Director's Report to the National Advisory Council on Drug Abuse
(Prepared April 11, 2001)
FISCAL 2002 BUDGET
Before Congress adjourned for its 2-week Spring recess on April 7, 2001, the House passed its FY 2002 budget resolution (H. Con. Res. 83). The Senate, in a series of votes on the measure, added billions for higher spending. On a key vote prior to passage, the Senate shifted $450 billion from the budget resolution's tax-cut allocation to education and debt reduction. For health, the budget resolution assumes $41 billion for discretionary health, which is $2.2 billion above last year's spending level. At the same time, the budget includes a $2.8 billion increase for NIH.
President Bush released his detailed budget proposal on Monday, April 9, 2001. The $1.96 trillion budget for fiscal 2002 would hold discretionary spending to a 4 percent increase overall. The President's top domestic priorities, education and defense, would get the biggest boosts. Those increases would be offset by reductions in other areas, including environmental and natural resources programs, agriculture and transportation. The Administration has indicated that the President may veto appropriations bills exceeding his 4 percent target.
The President's budget reflects the Administration's commitment to continue the five-year plan to double the NIH budget by FY 2003, with FY 2002 representing the fourth installment of this plan. NIH would get the biggest discretionary spending increase ever, with a boost of $2.8 billion to a total of $23.1 billion - a 13.5% increase over FY 2001. Of that amount, $12.5 billion, a 12.6% increase, would be spent on research project grants to fund 9,158 new and competing grants. Support for AIDS research would increase by $258 million, or 11.5%. NIDA would receive $907,369,000 in FY 2002, for a 16.2% increase over 2001.
January 29, 2001 - At the request of staff of the Senate Judiciary Committee, Dr. Alan I. Leshner, briefed a bipartisan group of Committee staff. The focus of the meeting was on research relating to drug abuse treatment programs in the criminal justice system and aftercare components. Mary Mayhew and Keith Van Wagner, OSPC, accompanied Dr. Leshner.

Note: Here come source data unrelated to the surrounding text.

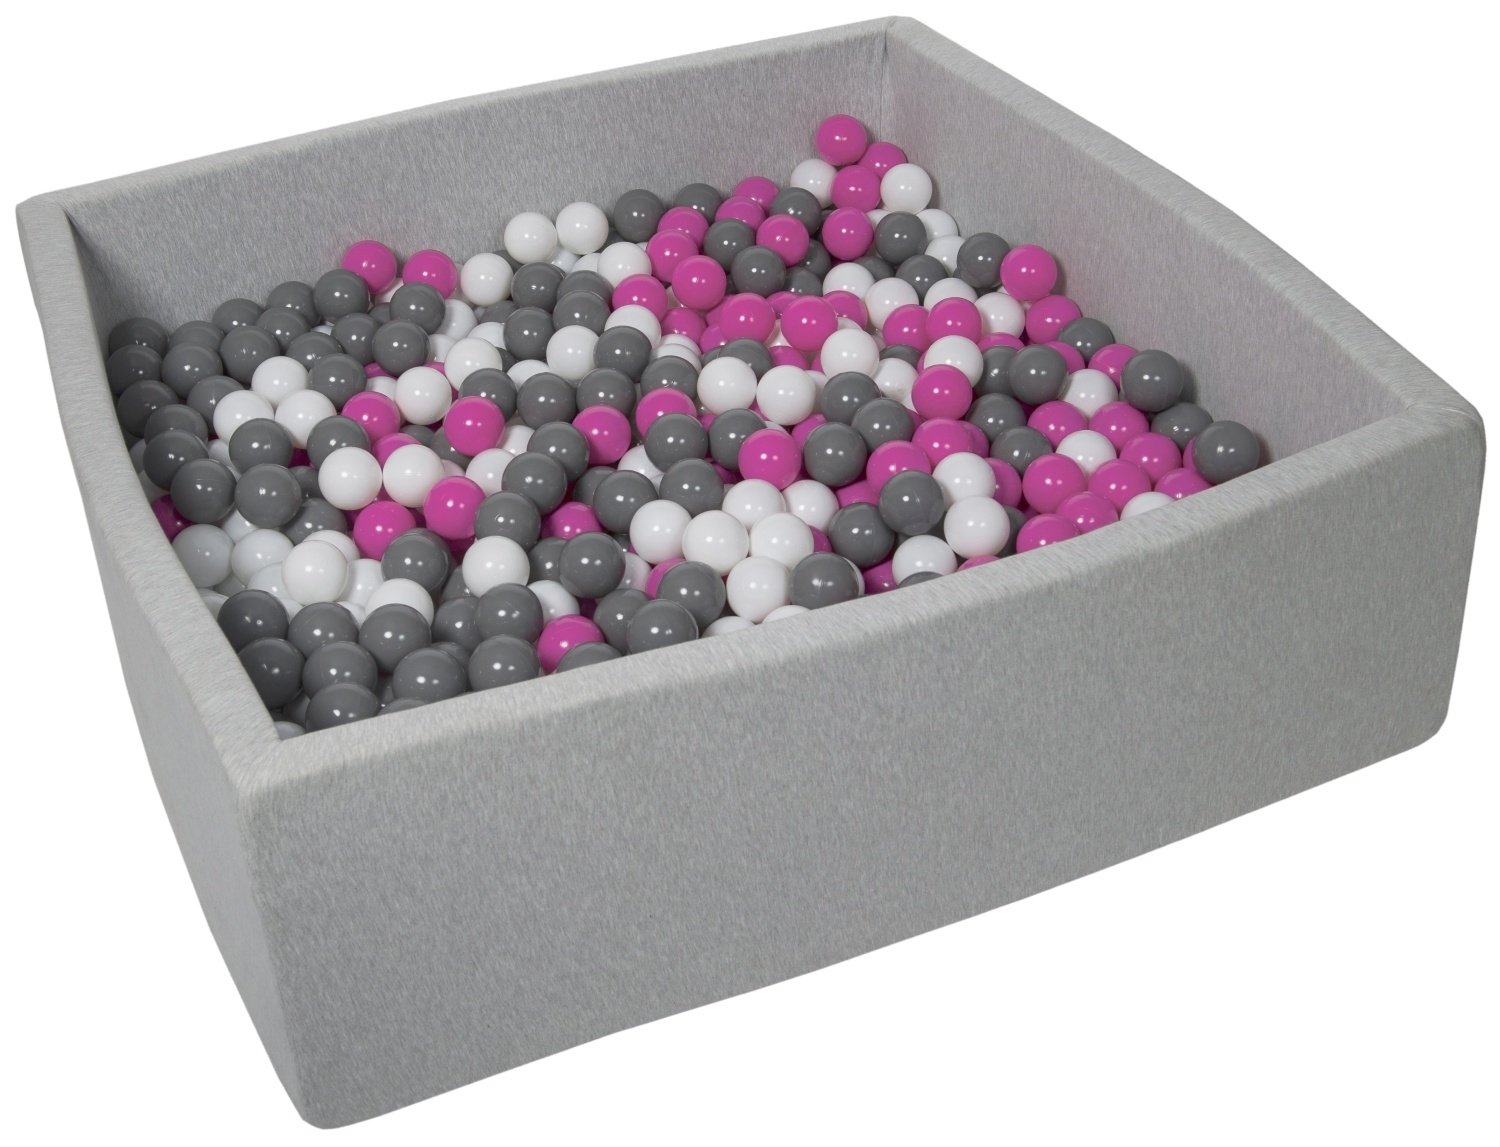 Piscine à balles carré pour bébé avec 900 balles 120x120cm gris clair balles violet
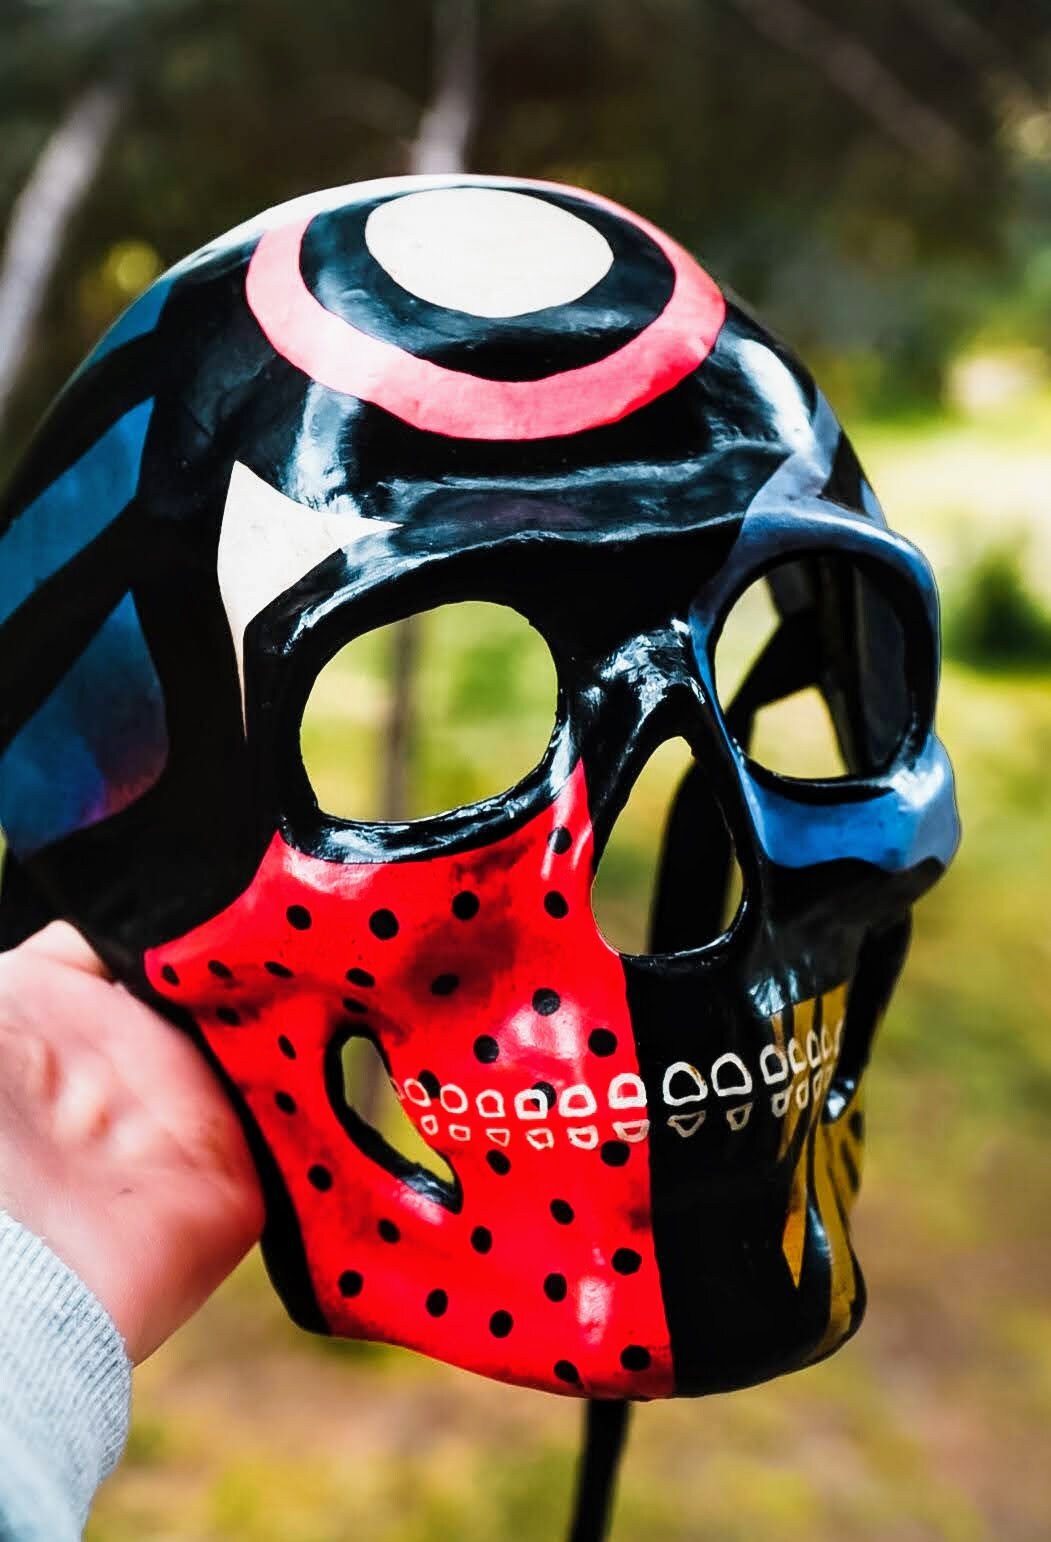 Mask ready - Skull mask Red Black lights venetian style
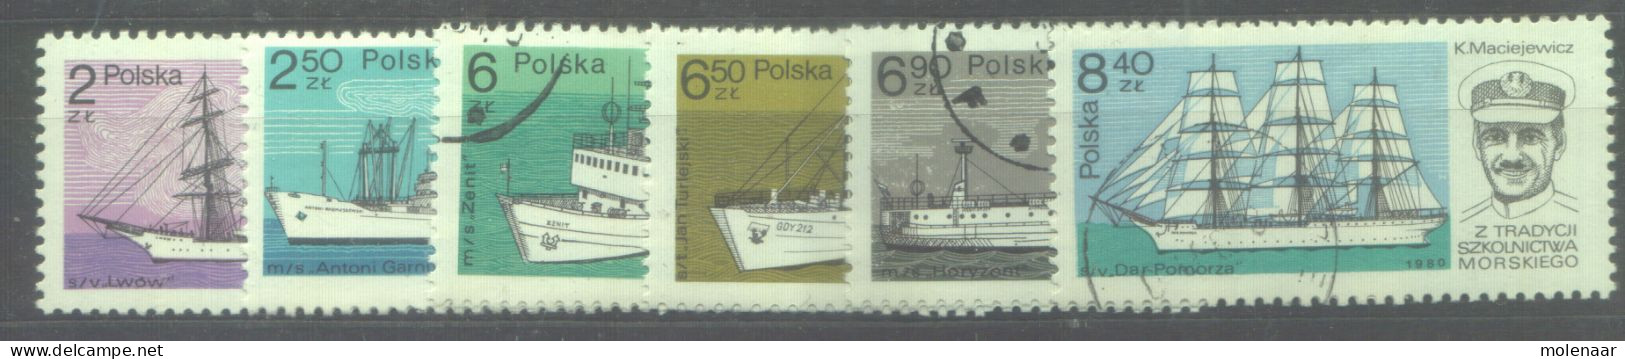 Postzegels > Europa > Polen > 1944-.... Republiek > 1981-90 > Gebruikt 2701-2706 (12187) - Gebraucht
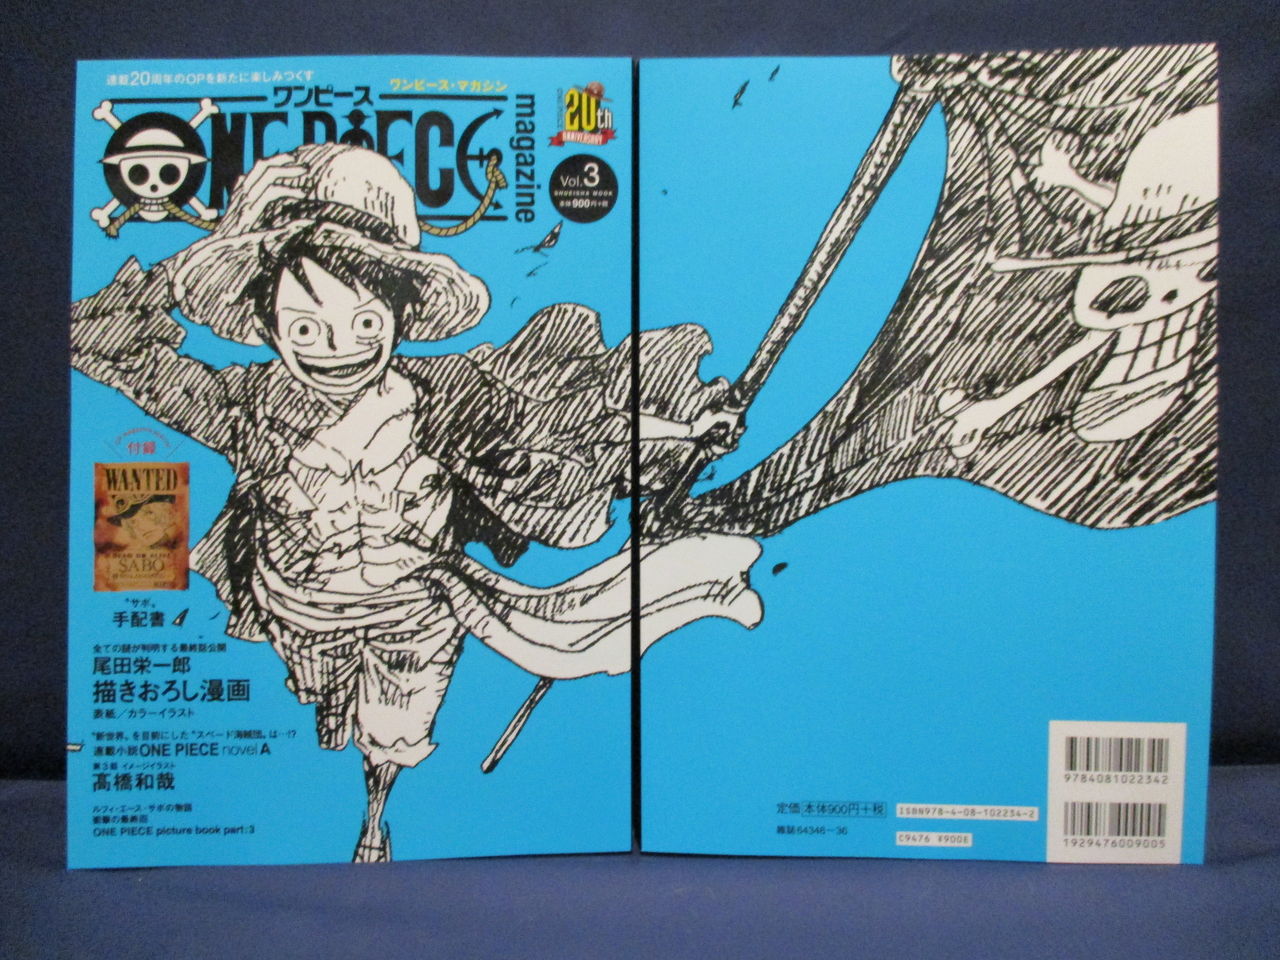 大阪店 新発売書籍のご案内 One Piece 麦わらストア 航海日誌
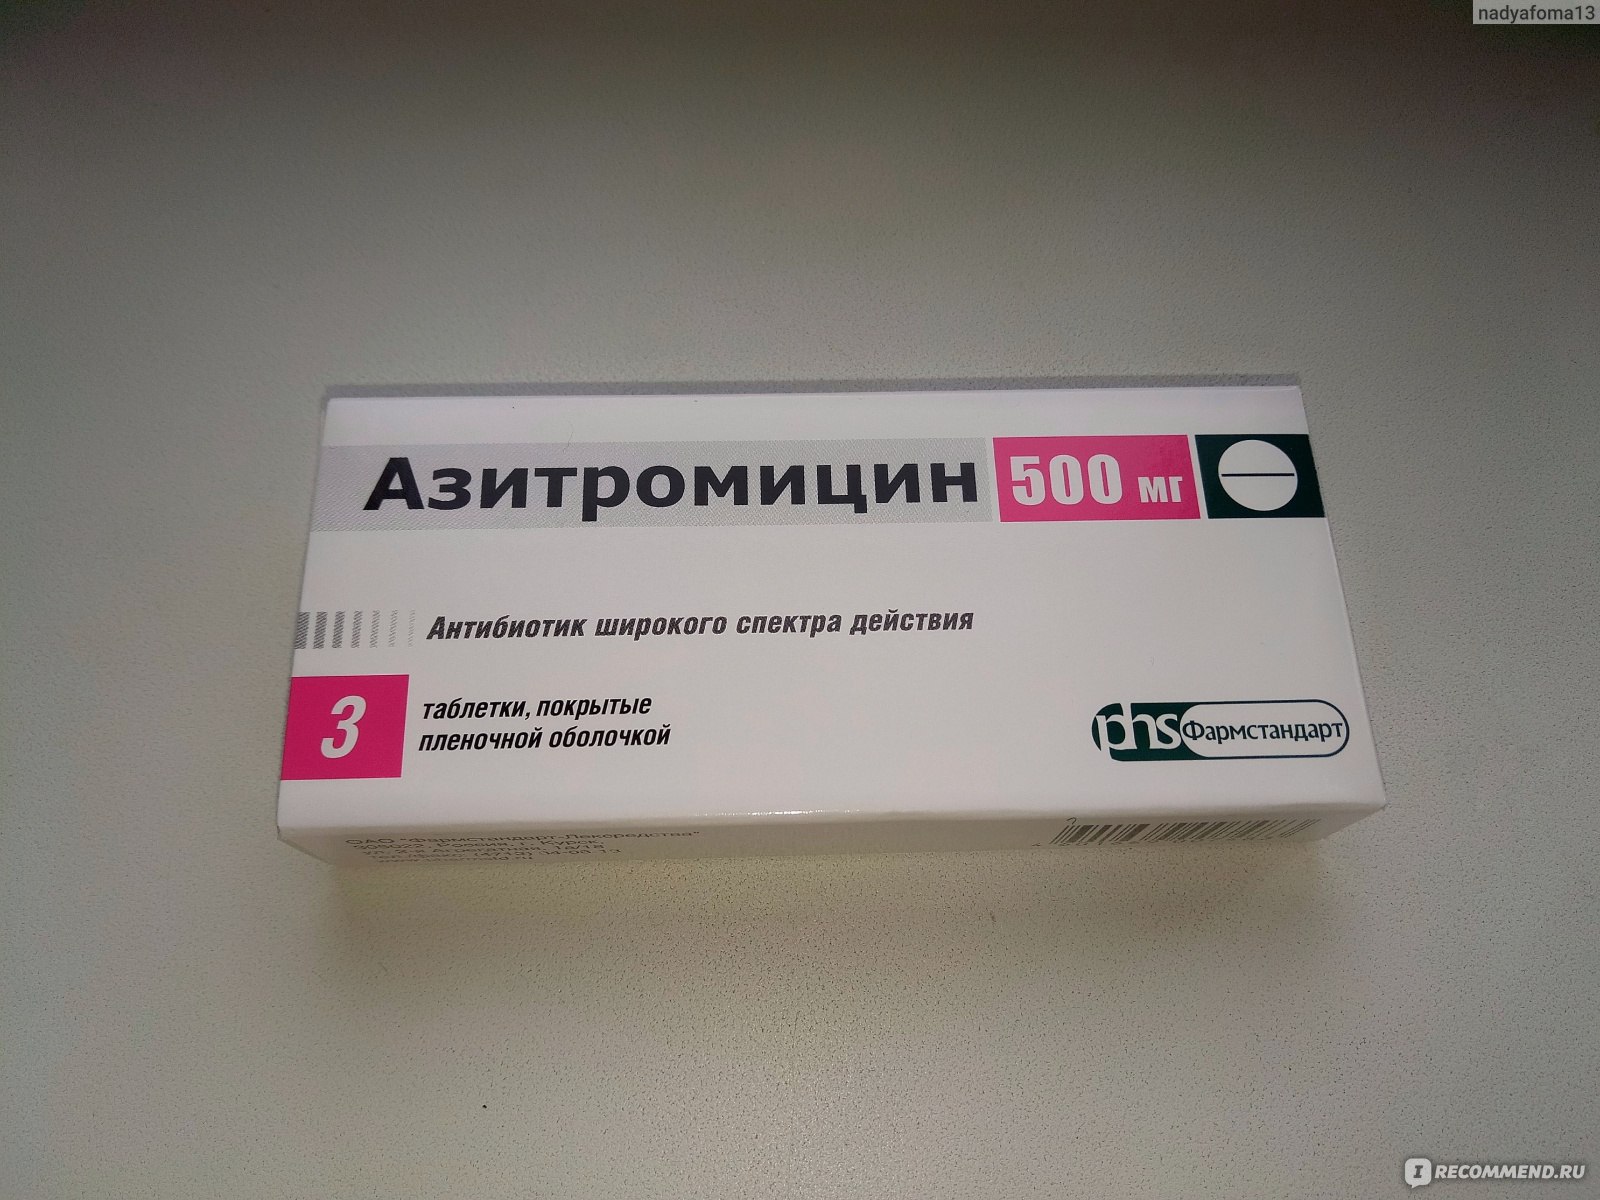 Антибиотики нового поколения таблетках. Антибиотик Азитромицин 500 мг. Азитромицин 500 мг Фармстандарт. Азитромицин 500 антибиотик широкого спектра. Азитромицин Фармстандарт Лексредства.
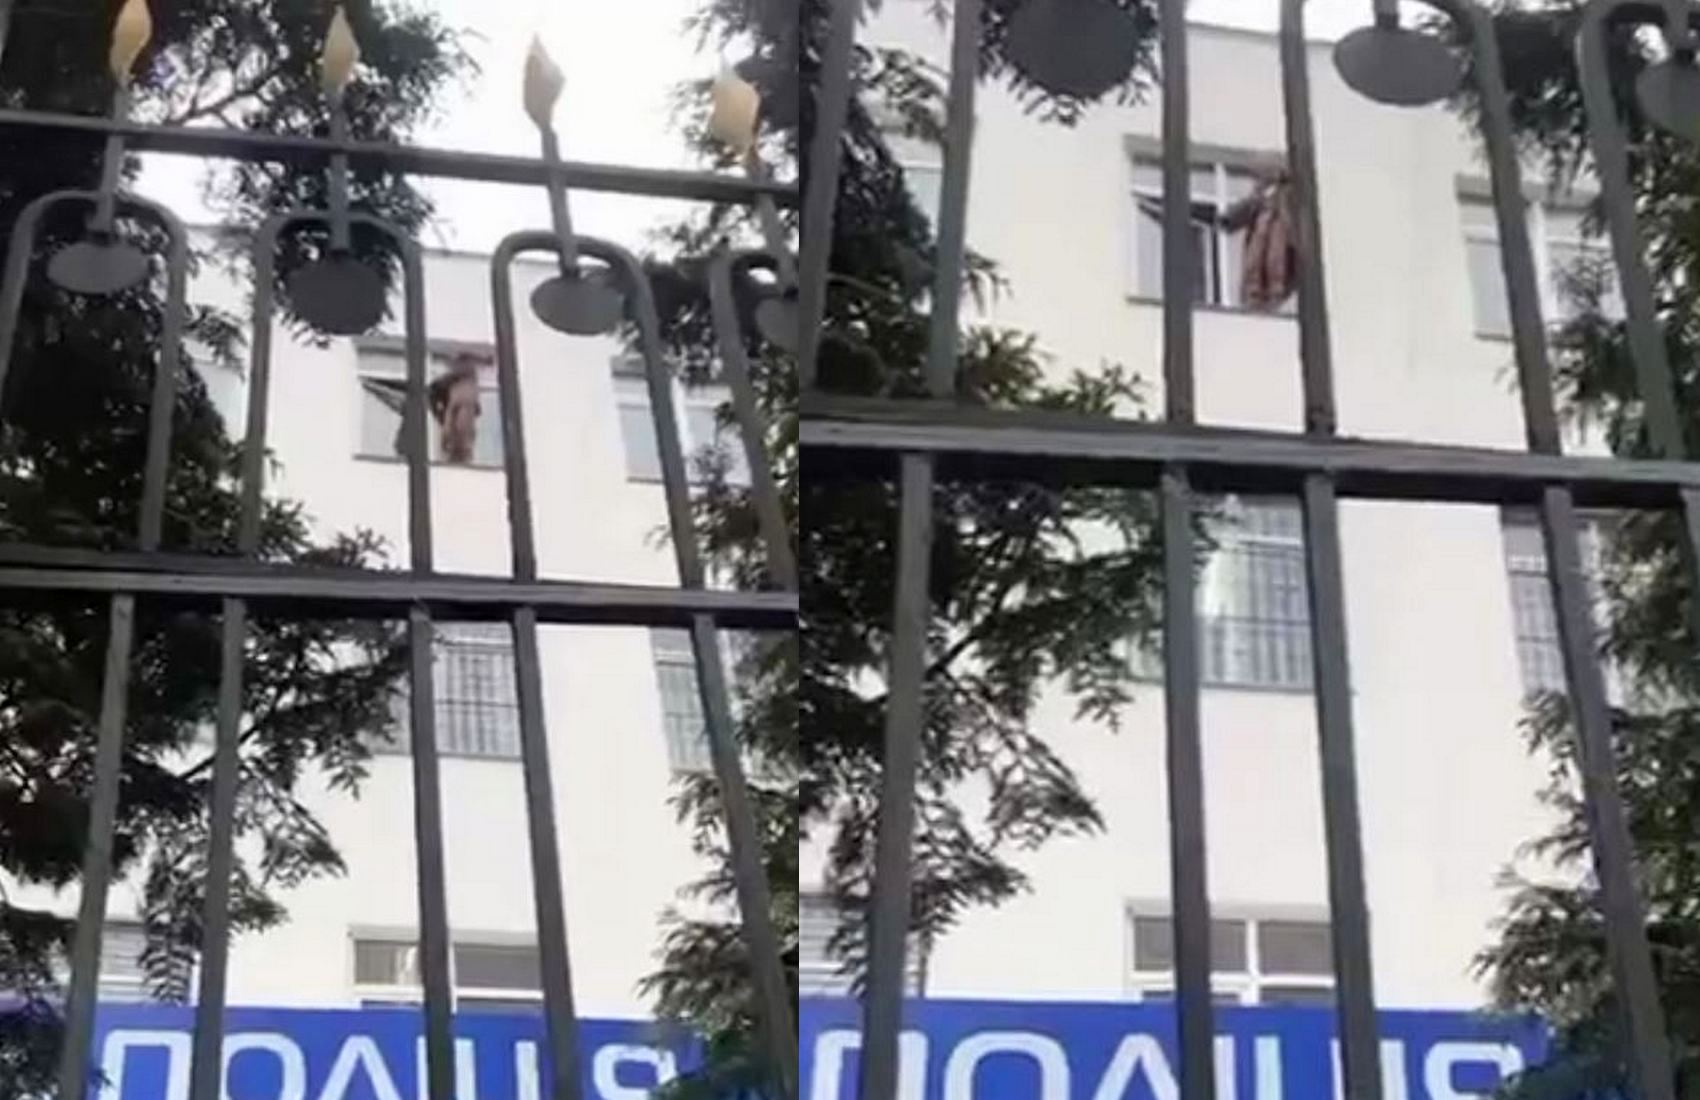 Задержанный ветеран грозится выпрыгнуть из окна здания полиции, если не закроют НАШ (видео)

March 15, 2001 - Dr. Alan I. Leshner briefed Rep. Ralph Regula (R-OH), Chairman, House Appropriations Subcommittee on Labor HHS/Education, and his staff on the current state of drug abuse treatment and prevention research. Of particular interest to the Chairman was the development of the Clinical Trials Network. Mary Mayhew, OSPC, accompanied Dr. Leshner.
March 21, 2001 - At the request of Rep. C.W. 'Bill' Young (R-FL), Chairman, House Appropriations Committee, Dr. Alan I. Leshner, briefed the Chairman and his staff on a wide-range of drug abuse issues. Specifically, Dr. Leshner discussed the Clinical Trials Network, emerging drug trends in Florida, and prescription drug abuse among the elderly. Mary Mayhew, OSPC, accompanied Dr. Leshner.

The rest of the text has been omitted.